The book contains autobiographical material, chronicling was Zamyatin presumably considered the most interesting or influential periods of his life. While Zamyatin is widely reported to have worked as a translator of Jack London's work during or after his sojourn in London from 1916 to 1918, London is not mentioned as an influence. This is followed by reprints of fifteen critical essays, dealing with specific developments in Russian literature during the period from 1914 to 1933, although most of the essays were written during the first decade of communist rule. The focus in this section of the book is heavily on Russia, and there is very little discussion of foreign influences, which makes sense, since communications between the Russian literary community and the West had cut down to almost nothing during this early period of Soviet international isolation.

The end of A Soviet Heretic though, is where Zamyatin would naturally have written about his debt to London, if he felt that there was a debt that it was important to acknowledge. The books ends with portraits and critical studies of authors that Zamyatin considered important: Russians Andrei Bely, Alexander Blok, Anton Chekhov, Maxim Gorky, and Fyodor Sologub; Westerners Anatole France, O. Henry, and H. G. Wells; as well as the Russian artist Boris Kustodiev. Jack London again is absent, while Zamyatin write extensively about the importance of Wells' twisted visions of utopia (of the kinds seen in The Sleeper Awakes and The Time Machine). The inclusion of Anatole France among Zamyatin's chosen literary lights is also interesting in this regard, since France was a great admirer of London and wrote a famous foreword to later editions of The Iron Heel; Zamyatin was probably aware of France's evaluation of London but still does not find London important enough to discuss.

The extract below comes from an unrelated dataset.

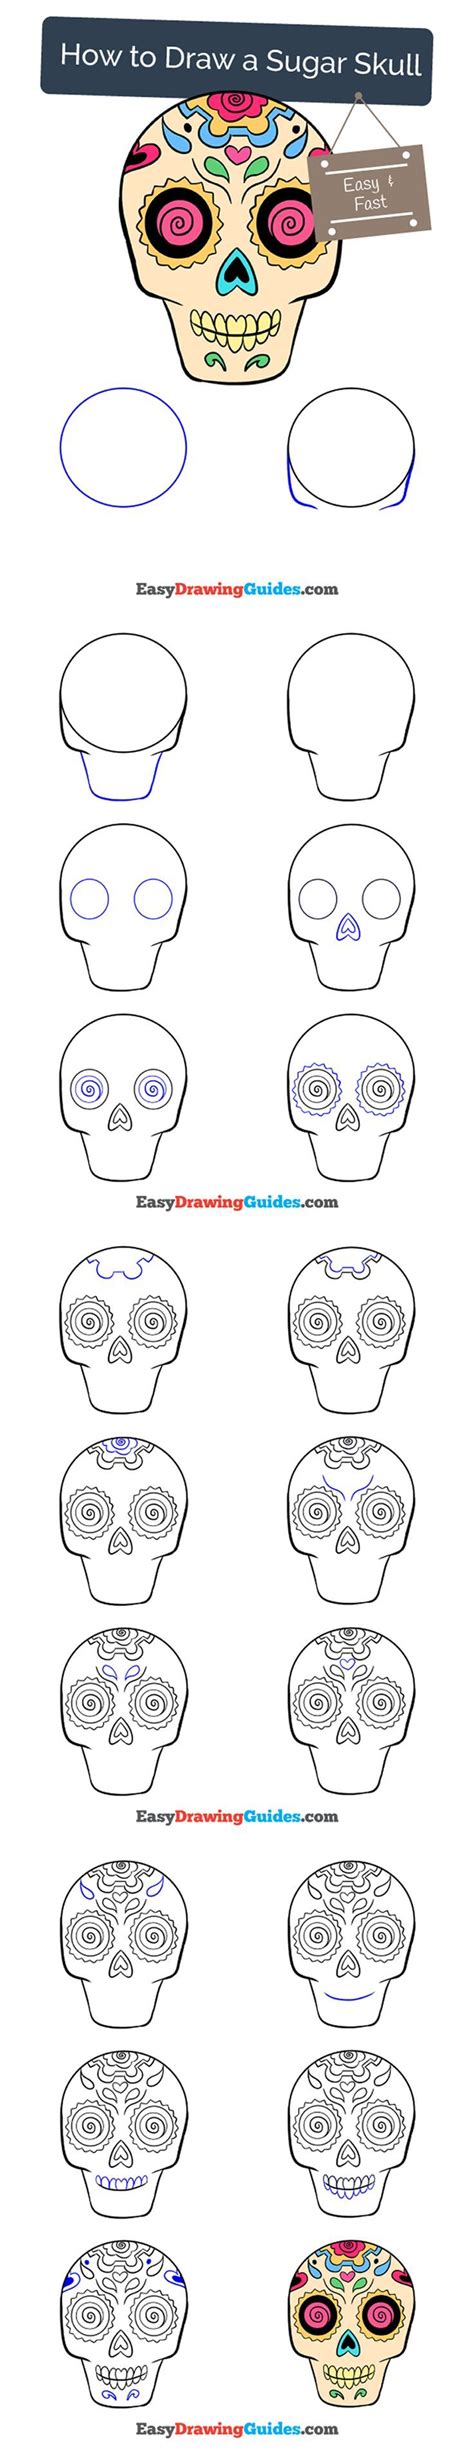 Https://wstravely.com/draw/how To Draw A Sugar Skull Easy For Beginners

So it is clear that Zamyatin had ample opportunity to discuss any influence that London's work may have had on him, yet he does not. This strongly suggests that Zamyatin did not feel that London had been important to the development of his own ideas.

Finally, during the period from 1933 and 1937, both Zamyatin and Leon Trotsky were living in exile in Paris. It is unknown whether the two knew each other while they were there; Zamyatin lived in poverty, while Trotsky was a prominent figure in the city's Russian exile intelligentsia. However, Trotsky, unlike Zamyatin, did write a critical analysis of The Iron Heel (although I am not sure when it was published). London's work certainly was known among the Russians in Paris at the time, but Zamyatin just did not feel like discussing it.